David Boies, the Adelphia bankruptcy, and "Amici LLC," Chapter
2:
The Wall Street Journal reports this
morning that Max Shulman, a senior partner at Cravath, representing
Deloitte & Touche
LLP, has written to the judge presiding over the Adelphia bankruptcy
(Southern District of New York, #02-41729) protesting both the
"fees and tactics" of Amici, the document-management
company partially founded and owned by colleagues and relatives
of David Boies.
According to Shulman’s letter, the requirement to use Amici was
"foisted" on his client and Amici had an "economic
lock-up"
on the document database by making it too costly to migrate to
any competitor. Furthermore, the database was populated with
patently irrelevant documents including menus, cookbooks, travel
brochures, and shoe catalogs. (We all know people waste time
at work, but this puts the indirect imprimatur of a federal court
on exactly how they waste time—with food and fashion fantasies,
and vacation planning.) In sum, Shulman writes: "Using
Amici has been a disaster."
Philip Korologos, the lead Adelphia lawyer at Boies-Schiller,
retorts that his firm "didn’t select" the documents, and that Amici’s
pricing and performance have been "competitive."

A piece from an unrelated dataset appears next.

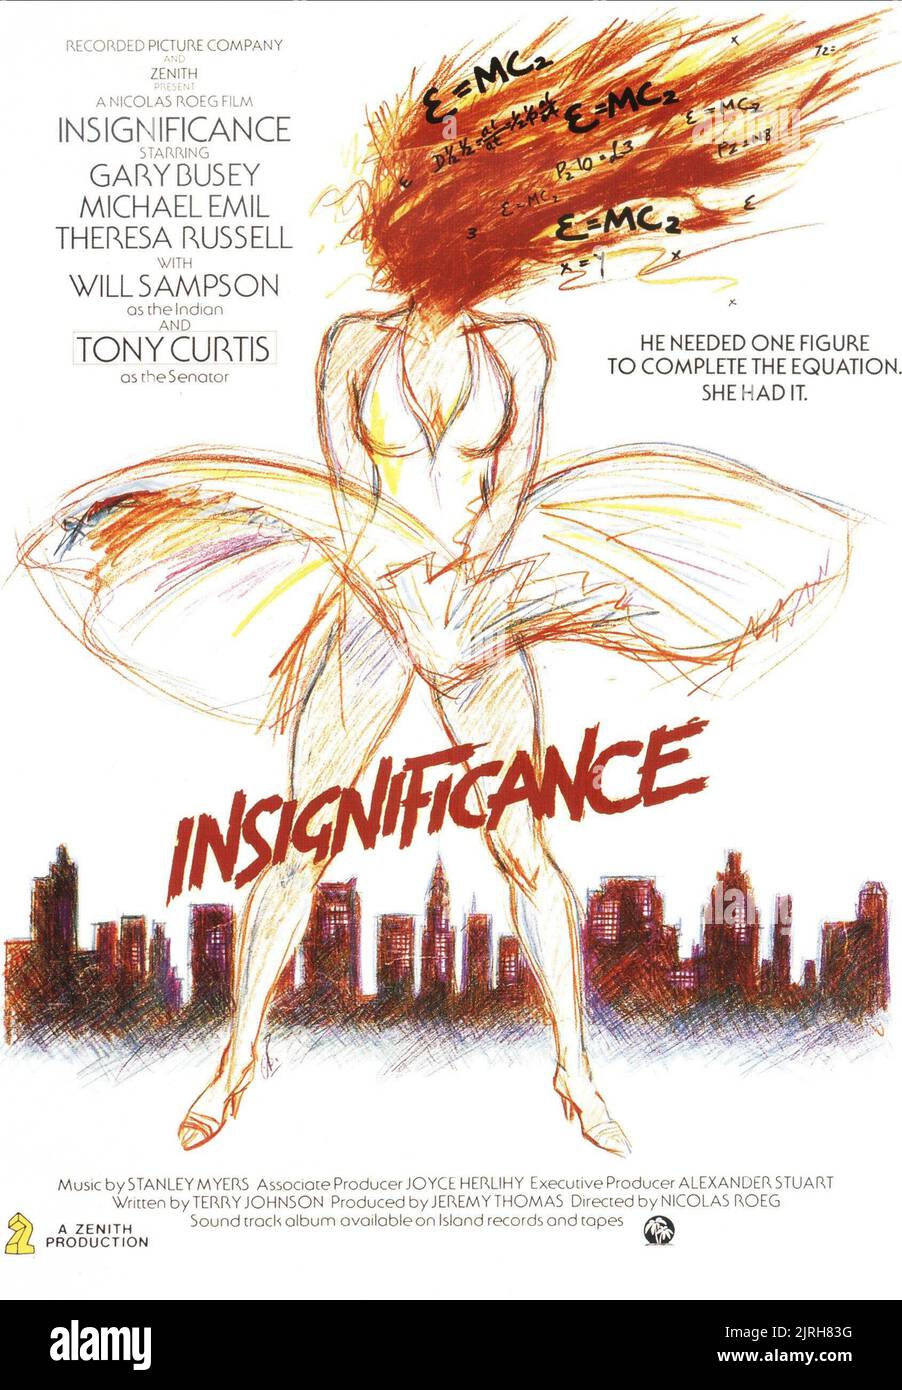 MOVIE POSTER, INSIGNIFICANCE, 1985 Stock Photo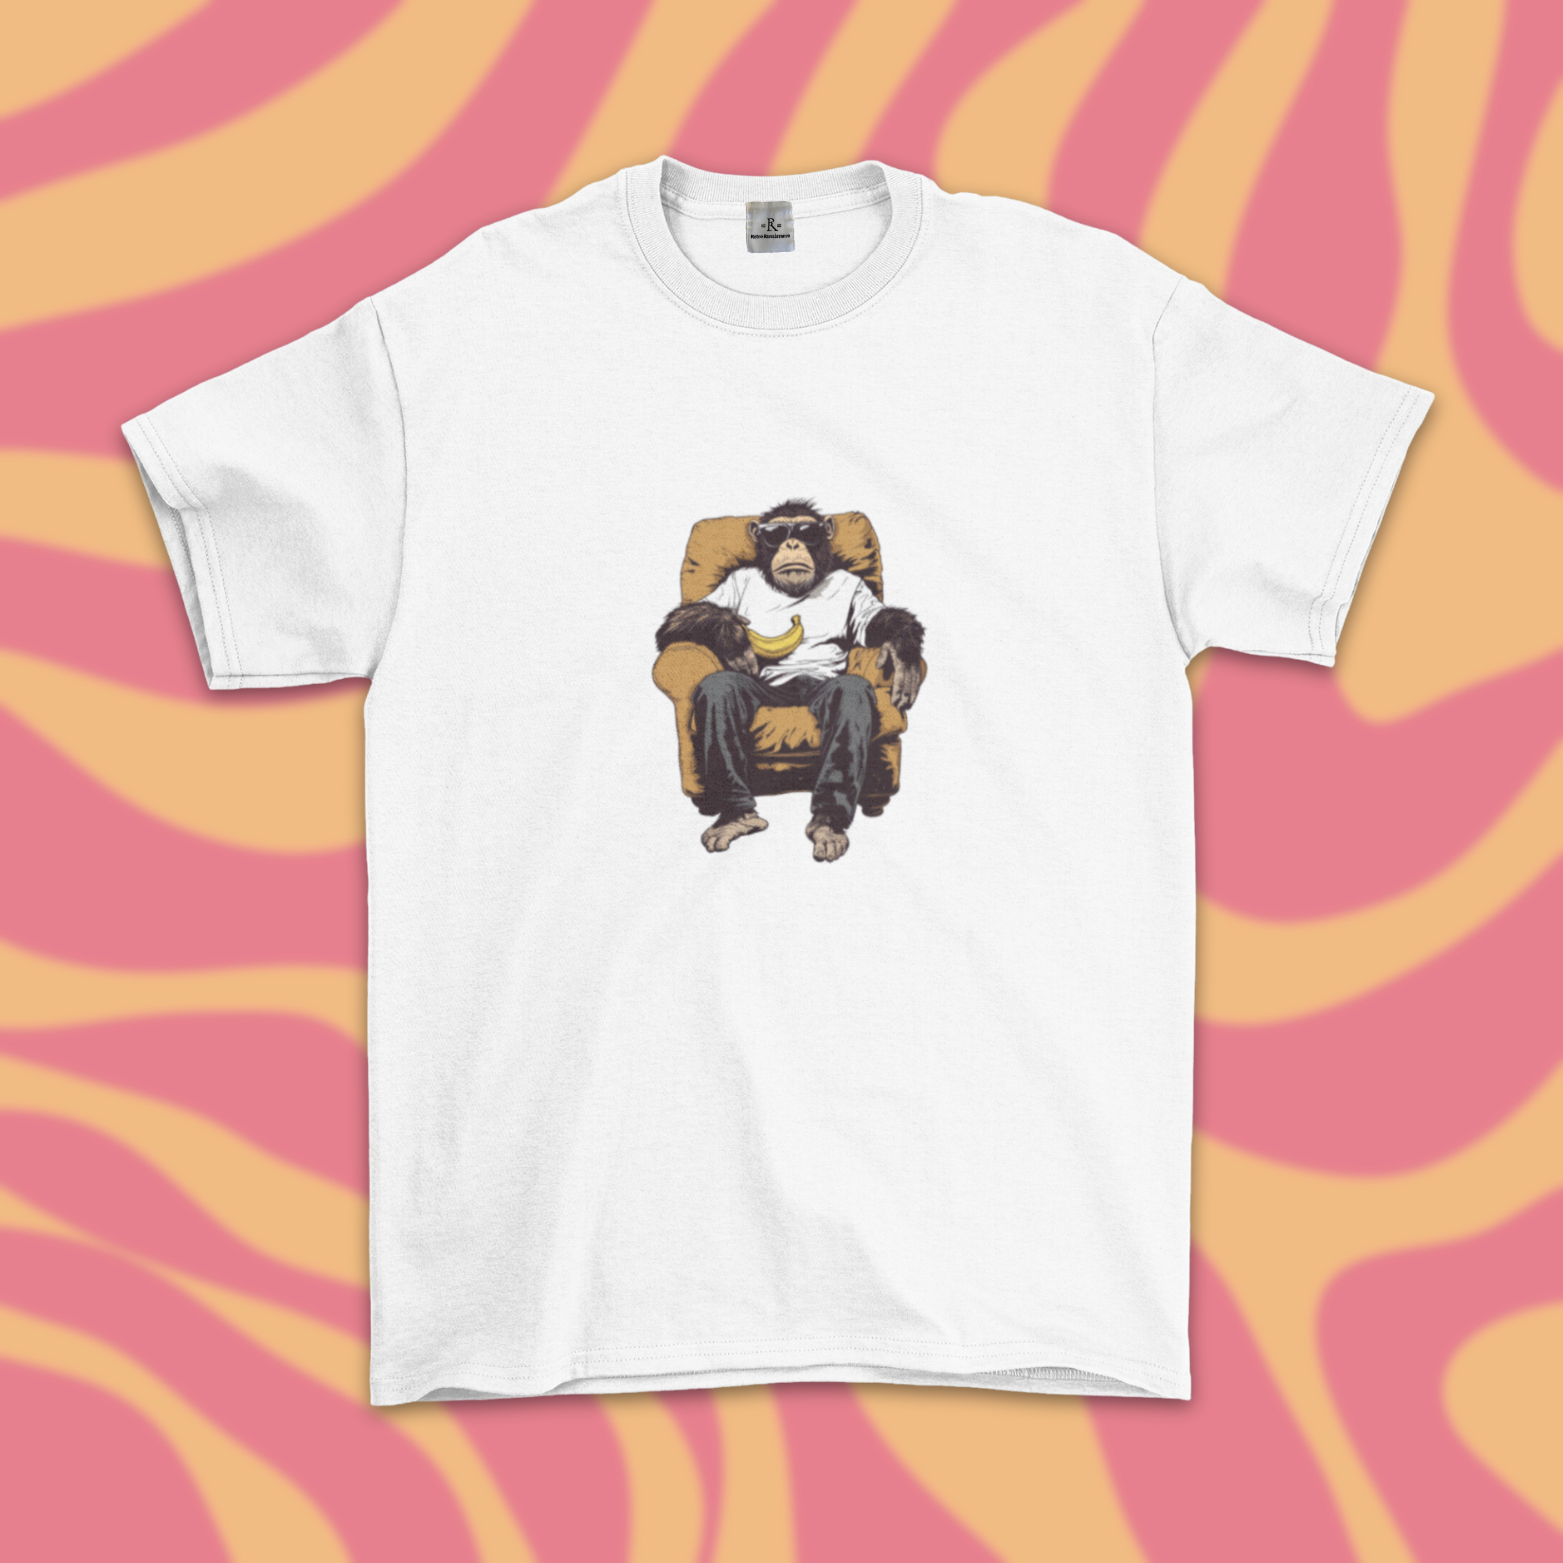 Retro Style Graphic Tee, Chilled-Out Chimp

Entertainment value aside, I return to this unfolding saga for
the hard steel of the business and economic issue being vaulted
to prominence: No matter how long and hard one may work at
establishing a reputation—in this case, that of Boies-Schiller
for league-leading counsel on good corporate governance—one
can put that reputation at risk in a heartbeat through mis-steps.
Clients’
memories for value lists and mission statements are short, and for discordant behavior at odds with those declarations
are long.
I have communicated with both Messrs. Shulman and Korologos in
hopes of obtaining more "primary source" material. Why
do I think we have not heard the last of this?